We saw that once again on Wednesday at the BNP Paribas Open as the former World No.1 notched his 18th consecutive win, 6-3, 7-5 over Spain’s Alejandro Davidovich Fokina. Given the circumstances, Medvedev’s trip to the final four at Indian Wells is unexpected, and a little bit bizarre.

After badly turning his ankle during his 6-7(5), 7-6(5), 7-5 Round of 16 win over Alexander Zverev on Tuesday, not many expected the No. 5 seed to continue playing at Indian Wells. He ended up rallying past Zverev in three hours and 17 minutes – a true testament to his intestinal fortitude. 

Hours later, the 27-year-old limped into the tournament’s main interview room looking like he could use a handful of Advil and a pair of crutches. How could he possibly recover to play the quarterfinals in less than 24 hours? Surely his 2023 BNP Paribas Open was over, the winning streak and his ankle destined to be put on ice until he was healthy again.

Think again. 

A determined Medvedev came out on Wednesday and blanketed the court against Davidovich Fokina, even sliding violently on the gritty hardcourts with his right leg extended when he needed to. Afterwards he said: “When I warmed up it was hurting pretty bad.
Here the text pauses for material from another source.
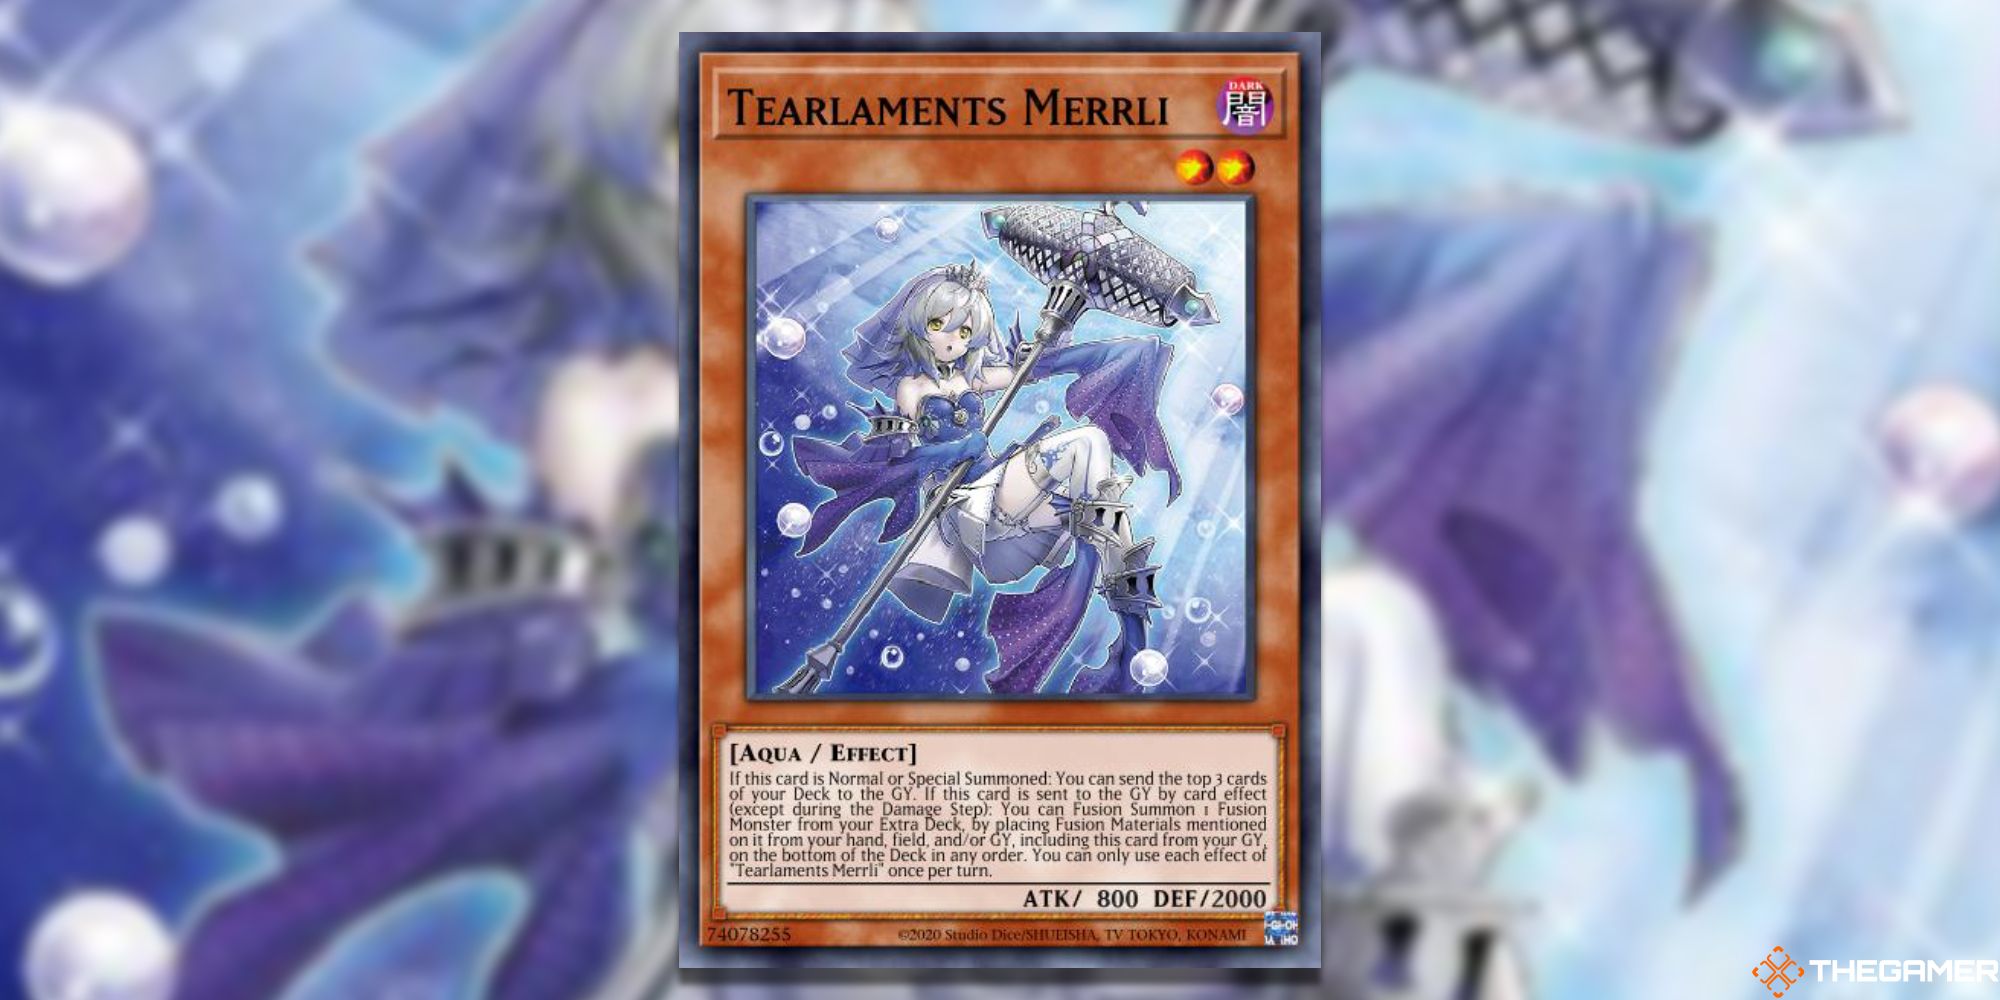 Full card art of Tiaraments Meruri using Yu-Gi-Oh's Gauss Blur!master duel

But I knew I was gonna play.”

Adversity seems to suit Medvedev. When he broke out as a superstar in 2019 he did it in the most unconventional manner. Most tennis players play nice with fans, volleying platitudes and avoiding controversy whenever possible. Not Medvedev, he put his finger to his lips, shushing the New York faithful, then dared them to root against him. 

Plot twist: he had them eating out of his hand by the end of his five-set US Open final with Rafael Nadal, and he has had their hearts ever since. 

This week at Indian Wells, Medvedev has vehemently complained about the speed of the courts. He loves Tennis Paradise with all his heart, but the courts? Too darn slow for him, he says. One might think that feeling that way would be a recipe for an early loss. 

Not in this case. Medvedev has steamed through the draw, putting up a career-best performance at Indian Wells. He’s done it with brilliant counterpunching and timely tennis, striking searing passing shots from deep in the backcourt in the most unconventional manner. 

Former World No.1 Andy Roddick hit the nail on the head when he was asked about Medvedev’s comments.

“I love it because it never affects the way he competes,” he said while commentating for Tennis Channel. “We don’t give him enough credit for his problem solving.” 

Slow court, fast court, doesn’t seem to make much difference; when Medvedev is switched on he can produce precision with machine-like consistency and leave his befuddled opponents scratching their heads. One must expect the unexpected when facing Medvedev, but even the well-prepared often find that he’s one step ahead of them. 

His tennis is rambunctious at times, his technique raw and asymmetrical, but there is a method to Medvedev’s madness, even if he himself doesn’t always seem to know what it is. 

Same goes for his temper. It can run hot, but in the end it comes from the right place. Medvedev is a player that burns to win. He’s shown that at Indian Wells, overcoming physical and mental obstacles in the quest for a crowning achievement. 

“This high-intensity sport where you are one-on-one against the opponent brings the heat out of you,” he says. “Some players are capable of controlling it better than the others. Some are controlling it less, like me. Yeah, that’s my character, and that’s my personality, also.” 

Medvedev will take to the court against charismatic American Frances Tiafoe in Friday’s semifinals as he bids for his 19th consecutive win and his first final in the California desert. Talk about a hot ticket.